▶ [Brief]: Would you output the entries below only from the line containing "ホームアクアリウムオールセット セレクト熱帯魚 36cm水槽" through the line containing "black & white floor tiles.", exactly as they stand and with both ends included?

[Data excerpts]
======

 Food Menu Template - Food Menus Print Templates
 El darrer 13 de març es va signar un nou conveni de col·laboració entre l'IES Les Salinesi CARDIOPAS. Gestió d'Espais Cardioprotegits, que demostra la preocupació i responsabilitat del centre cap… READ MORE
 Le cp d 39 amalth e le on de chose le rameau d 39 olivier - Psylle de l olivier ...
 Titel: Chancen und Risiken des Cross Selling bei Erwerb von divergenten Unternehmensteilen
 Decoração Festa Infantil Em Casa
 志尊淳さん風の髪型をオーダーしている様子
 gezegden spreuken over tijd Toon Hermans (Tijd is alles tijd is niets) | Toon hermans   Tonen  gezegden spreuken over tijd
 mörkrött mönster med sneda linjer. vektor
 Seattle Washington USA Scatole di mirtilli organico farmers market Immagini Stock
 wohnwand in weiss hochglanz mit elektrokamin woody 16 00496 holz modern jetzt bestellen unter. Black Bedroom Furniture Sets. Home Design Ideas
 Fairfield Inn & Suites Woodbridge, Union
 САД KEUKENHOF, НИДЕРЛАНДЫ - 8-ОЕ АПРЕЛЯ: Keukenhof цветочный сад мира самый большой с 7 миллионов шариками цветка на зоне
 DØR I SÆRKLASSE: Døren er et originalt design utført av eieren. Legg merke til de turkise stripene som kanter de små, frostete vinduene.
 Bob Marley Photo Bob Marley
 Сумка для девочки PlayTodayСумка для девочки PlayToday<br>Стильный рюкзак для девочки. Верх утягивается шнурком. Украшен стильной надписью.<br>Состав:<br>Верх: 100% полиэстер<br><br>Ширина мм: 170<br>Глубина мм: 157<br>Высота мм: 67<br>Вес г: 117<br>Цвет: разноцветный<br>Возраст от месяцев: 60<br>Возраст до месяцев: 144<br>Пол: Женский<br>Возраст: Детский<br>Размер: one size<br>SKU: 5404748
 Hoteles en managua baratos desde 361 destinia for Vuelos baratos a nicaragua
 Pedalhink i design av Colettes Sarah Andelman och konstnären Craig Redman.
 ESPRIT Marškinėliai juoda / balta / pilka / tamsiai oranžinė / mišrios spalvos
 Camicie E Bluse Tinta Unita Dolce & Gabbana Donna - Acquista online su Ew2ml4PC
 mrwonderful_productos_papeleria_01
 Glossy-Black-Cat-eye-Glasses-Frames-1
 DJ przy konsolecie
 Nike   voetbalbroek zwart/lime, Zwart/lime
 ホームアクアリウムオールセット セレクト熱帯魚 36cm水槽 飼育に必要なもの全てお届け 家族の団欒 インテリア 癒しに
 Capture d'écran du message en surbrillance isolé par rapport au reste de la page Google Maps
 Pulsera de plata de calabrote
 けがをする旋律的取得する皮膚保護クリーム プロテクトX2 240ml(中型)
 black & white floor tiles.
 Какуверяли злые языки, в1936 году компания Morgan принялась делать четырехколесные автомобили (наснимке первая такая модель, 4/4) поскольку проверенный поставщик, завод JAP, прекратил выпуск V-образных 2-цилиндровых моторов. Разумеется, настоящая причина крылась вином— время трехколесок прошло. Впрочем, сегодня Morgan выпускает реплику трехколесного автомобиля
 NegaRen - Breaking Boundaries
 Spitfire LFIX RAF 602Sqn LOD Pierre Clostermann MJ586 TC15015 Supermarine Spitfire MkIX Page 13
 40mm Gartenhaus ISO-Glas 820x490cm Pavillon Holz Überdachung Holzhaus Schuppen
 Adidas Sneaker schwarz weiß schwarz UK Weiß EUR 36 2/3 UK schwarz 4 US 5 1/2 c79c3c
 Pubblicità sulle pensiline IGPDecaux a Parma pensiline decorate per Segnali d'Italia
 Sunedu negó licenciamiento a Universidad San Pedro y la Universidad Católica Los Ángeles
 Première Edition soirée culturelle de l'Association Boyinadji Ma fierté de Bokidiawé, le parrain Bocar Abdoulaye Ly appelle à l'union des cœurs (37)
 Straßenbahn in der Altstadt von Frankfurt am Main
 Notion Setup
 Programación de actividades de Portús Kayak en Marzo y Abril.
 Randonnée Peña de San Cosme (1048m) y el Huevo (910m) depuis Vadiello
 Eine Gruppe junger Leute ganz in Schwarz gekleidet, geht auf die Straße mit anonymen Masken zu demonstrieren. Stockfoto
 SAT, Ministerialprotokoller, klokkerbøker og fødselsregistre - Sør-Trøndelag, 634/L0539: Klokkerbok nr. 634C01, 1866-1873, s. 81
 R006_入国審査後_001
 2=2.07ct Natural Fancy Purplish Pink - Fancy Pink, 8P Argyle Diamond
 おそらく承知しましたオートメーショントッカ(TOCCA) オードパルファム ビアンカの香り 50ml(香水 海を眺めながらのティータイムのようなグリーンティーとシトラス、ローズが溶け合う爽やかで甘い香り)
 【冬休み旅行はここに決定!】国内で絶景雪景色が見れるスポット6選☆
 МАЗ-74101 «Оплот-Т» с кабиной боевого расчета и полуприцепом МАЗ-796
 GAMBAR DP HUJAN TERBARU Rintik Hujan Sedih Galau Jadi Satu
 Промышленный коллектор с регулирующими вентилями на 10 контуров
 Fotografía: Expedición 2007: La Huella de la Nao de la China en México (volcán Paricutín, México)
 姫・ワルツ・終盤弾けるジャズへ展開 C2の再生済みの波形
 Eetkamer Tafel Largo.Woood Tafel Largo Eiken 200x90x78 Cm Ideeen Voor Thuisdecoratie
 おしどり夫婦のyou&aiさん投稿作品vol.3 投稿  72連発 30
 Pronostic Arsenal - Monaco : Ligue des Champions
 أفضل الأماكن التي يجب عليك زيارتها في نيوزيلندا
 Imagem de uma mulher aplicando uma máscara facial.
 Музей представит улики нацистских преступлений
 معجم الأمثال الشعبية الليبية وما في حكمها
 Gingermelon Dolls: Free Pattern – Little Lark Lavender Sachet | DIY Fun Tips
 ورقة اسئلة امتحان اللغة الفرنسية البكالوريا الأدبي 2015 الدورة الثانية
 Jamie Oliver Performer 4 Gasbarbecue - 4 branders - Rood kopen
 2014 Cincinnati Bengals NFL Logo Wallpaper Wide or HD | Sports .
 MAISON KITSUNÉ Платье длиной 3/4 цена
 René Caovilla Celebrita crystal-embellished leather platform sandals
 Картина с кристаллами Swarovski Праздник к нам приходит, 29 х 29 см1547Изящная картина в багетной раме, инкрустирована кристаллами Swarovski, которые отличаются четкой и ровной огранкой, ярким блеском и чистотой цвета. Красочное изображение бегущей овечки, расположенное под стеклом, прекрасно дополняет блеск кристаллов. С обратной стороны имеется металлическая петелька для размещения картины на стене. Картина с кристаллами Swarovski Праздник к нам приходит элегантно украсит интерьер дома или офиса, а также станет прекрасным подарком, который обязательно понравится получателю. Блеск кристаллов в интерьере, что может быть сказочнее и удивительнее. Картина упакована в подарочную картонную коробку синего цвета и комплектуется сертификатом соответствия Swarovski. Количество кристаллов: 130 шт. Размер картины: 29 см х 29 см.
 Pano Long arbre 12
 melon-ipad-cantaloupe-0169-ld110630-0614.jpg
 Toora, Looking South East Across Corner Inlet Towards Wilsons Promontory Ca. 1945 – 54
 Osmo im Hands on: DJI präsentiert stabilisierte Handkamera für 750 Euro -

======

▶ [Problem solution]:
 ホームアクアリウムオールセット セレクト熱帯魚 36cm水槽 飼育に必要なもの全てお届け 家族の団欒 インテリア 癒しに
 Capture d'écran du message en surbrillance isolé par rapport au reste de la page Google Maps
 Pulsera de plata de calabrote
 けがをする旋律的取得する皮膚保護クリーム プロテクトX2 240ml(中型)
 black & white floor tiles.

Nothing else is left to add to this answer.